In 2018, the METHimpute method was proposed [33]. It used HMM model only based on DNA methylation characteristics. In this work, RcWGBS combined DNA sequence and DNA methylation information and took advantage of the CNN model in information extraction. It used the DNA sequence and DNA methylation levels on both sides of the site as features. For the RcWGBS, it was not necessary to provide the entire DNA methylation data chain. When predicting minority points, it only needs to provide DNA methylation and DNA sequence on both sides of the site to be predicted by using RcWGBS. Through the application in the H1-hESC and GM12878 datasets, we proved that the RcWGBS performed better than METHimpute.
In addition, in the METHimpute model, only two states of DNA methylation were considered. Therefore, the interpolated DNA methylation level is mainly distributed in the two regions close to 0 and 1, resulting in some DNA methylation near 0.5 being overestimated or underestimated. Although the correlation coefficient is higher than RcWGBS in an extremely low coverage profile, the MAE of METHimpute is lower than RcWGBS. In the RcWGBS model, when a large number of sites (>1 million) need to be predicted, the pre-processing time of RcWGBS is large, and the upstream and downstream DNA sequences of the sites to be predicted need to be extracted. In order to solve this problem, the reference genome can be used to extract the sequences on both sides of all CpG sites in advance. In the R package download link provided in this article, the data matrix of 50bp sequences upstream and downstream on both sides of all CpG sites of GRch38 has been provided.

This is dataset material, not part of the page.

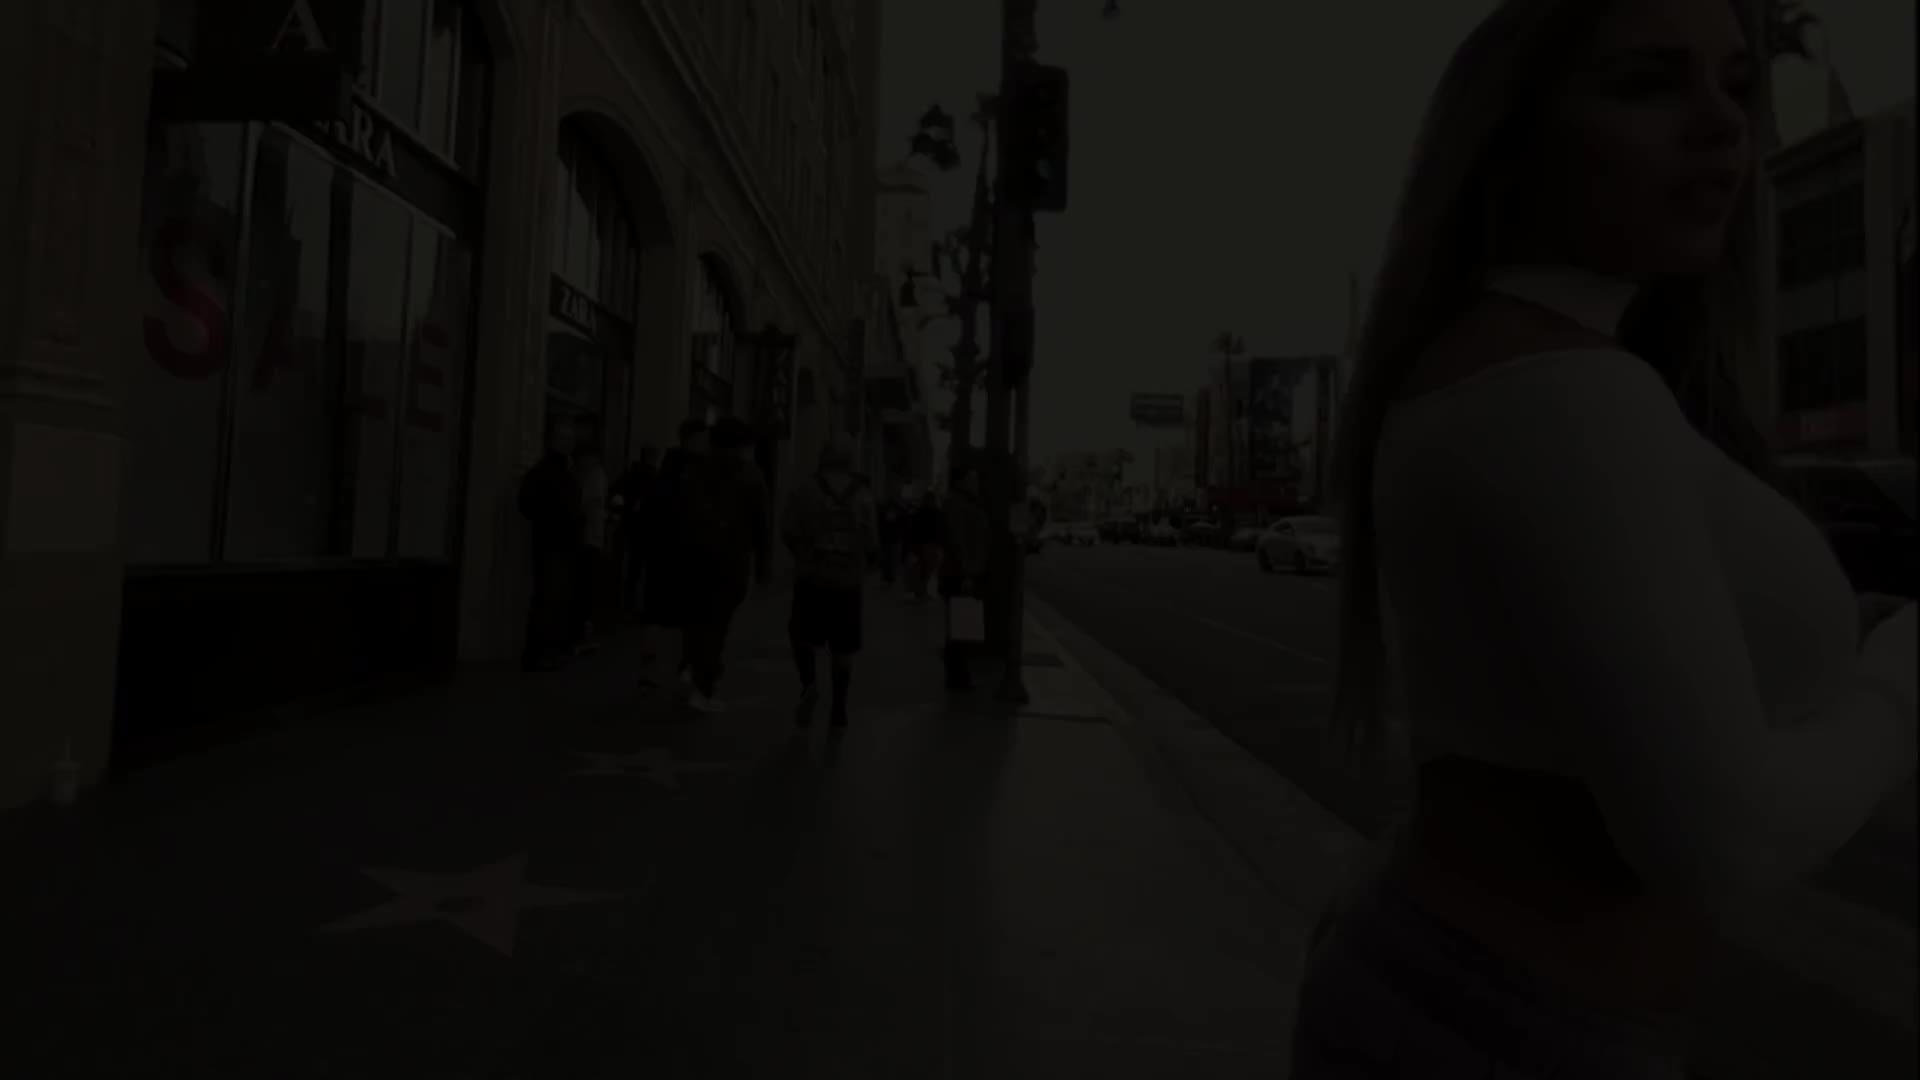 360, Music, Wingm3n, magga braco, oculus, oculus rift, vr, Oculus Rift - Magga Braco GIFs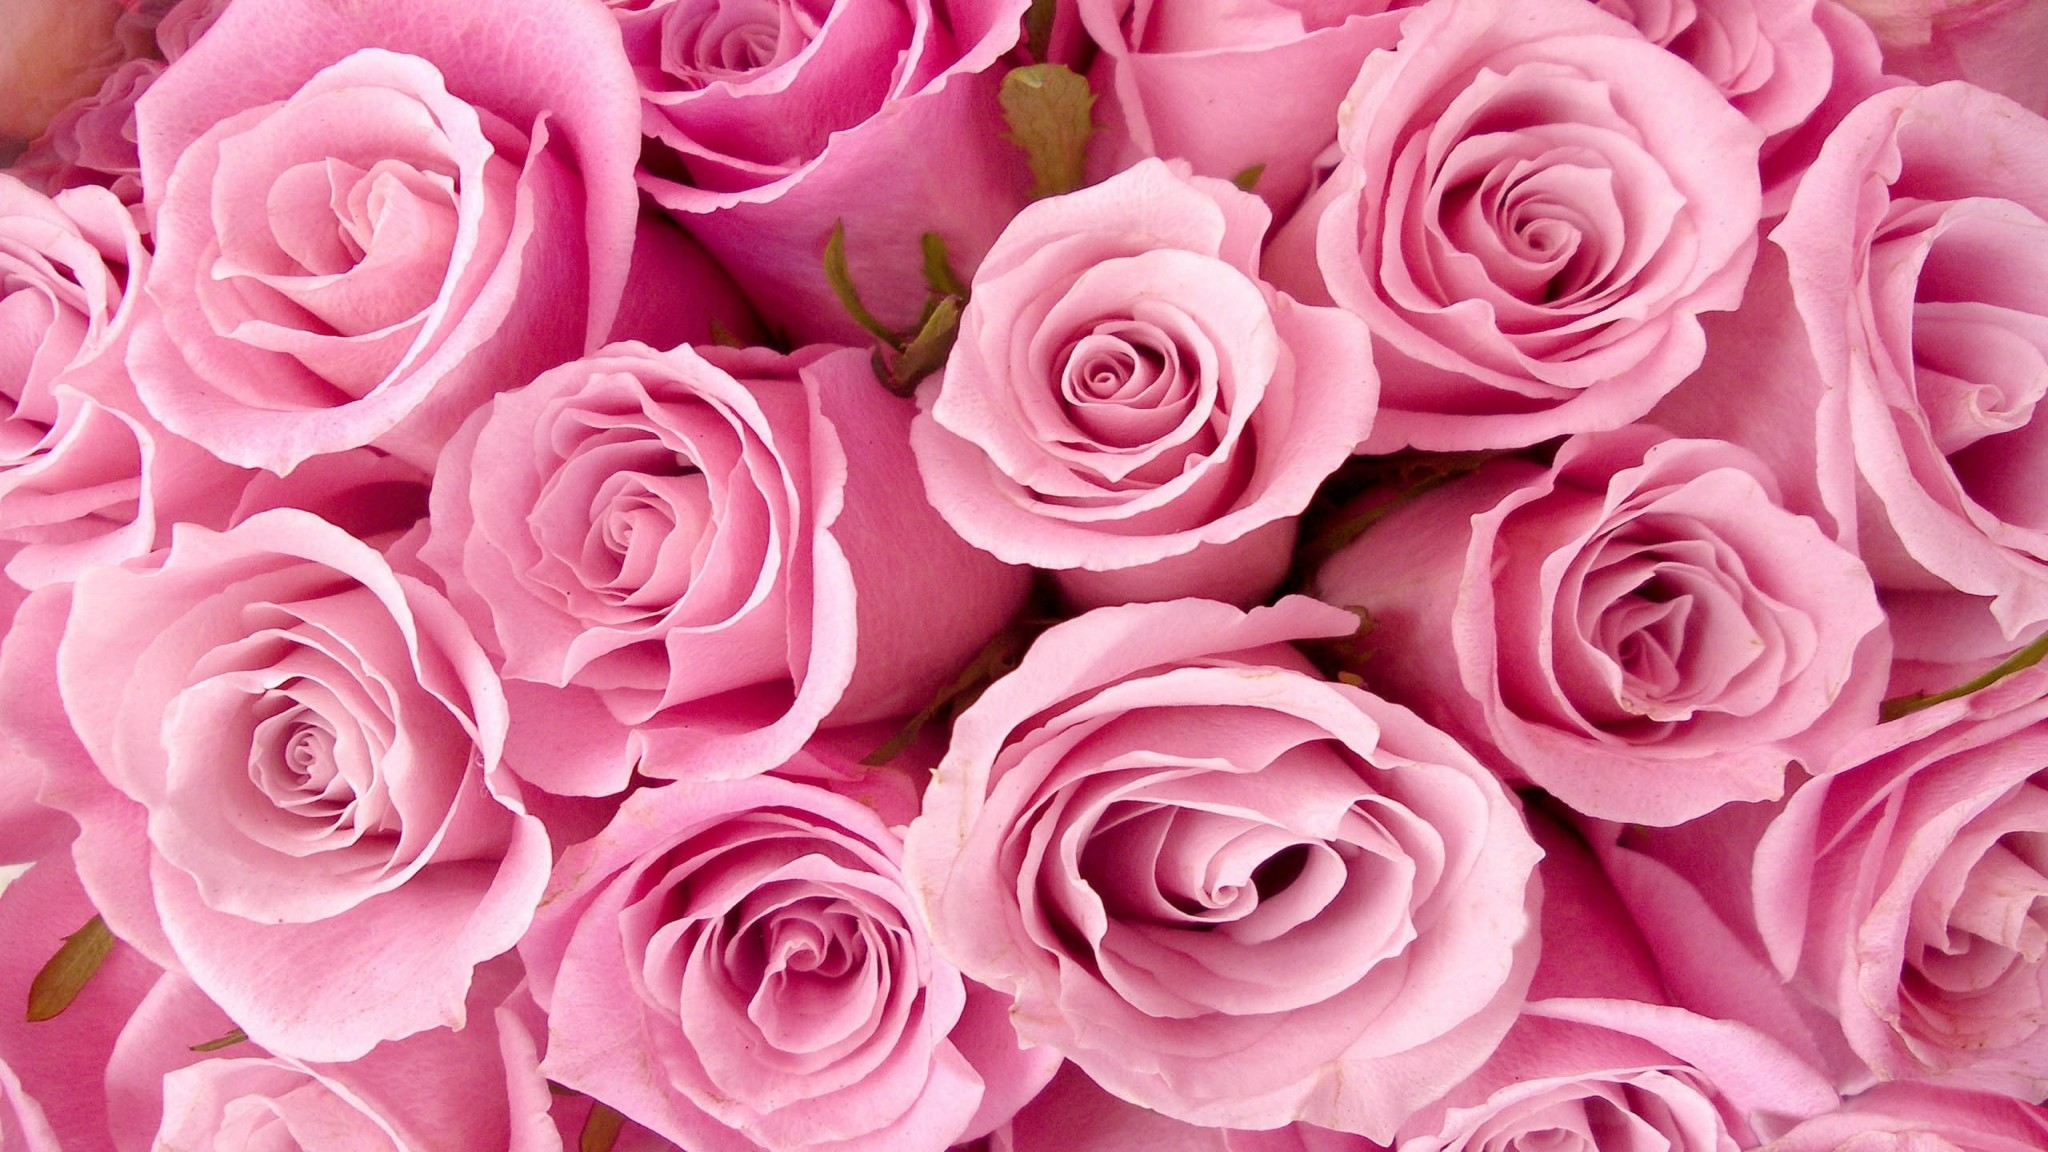 Wallpapers : Special Pink Roses #1289 2560×1600 pixel Exotic Wallpaper .

It is noteworthy to mention that the applicability of RcWGBS in single-cell sequencing using WGBS data has been further investigated. By modifying the loss function and optimization method during the model training process, RcWGBS can be adapted into a prediction classification model, enabling accurate prediction of DNA methylation in single-cell WGBS.
Materials and methods
Downsampling data preparation
The WGBS sequencing data used in this study were downloaded from ENCODE [25]. For the H1-hESC dataset, files numbered ENCFF003FWN and ENCFF546TLK were downloaded. For the GM12878 dataset, files numbered ENCFF857QML and ENCFF681ASN were downloaded. Then the four files were randomly down-sampled to different degrees by samtools, such as 90%, 70%, 50%, 30%, and 10%. Randomly sampled the reads of the raw data directly. Downsampling the pair-end sequencing files cannot guarantee that the reads were sampled in pair-end. Therefore, the changes in coverage and adoption ratio were different. The independent test dataset was constructed by covering the sites selected as the training data. The training sites were randomly sampled from the whole genome. It ensured the uniformity of the training sample on the whole genome. For the documents produced after sampling, Bismark [62] was used to extract the DNA methylation level. Then, the two repetitions in the experiment were merged by combining the numbers of methylated and unmethylated reads in the two repetitions. Since CpG is symmetric, the DNA methylation levels on the negative chain and positive chain are combined. Methylation values for each CpG site were quantified by m, which is the fraction of methylated reads over the total reads:
where Meth_C and UnmethC represent the methylated and unmethylated reads called by bismark.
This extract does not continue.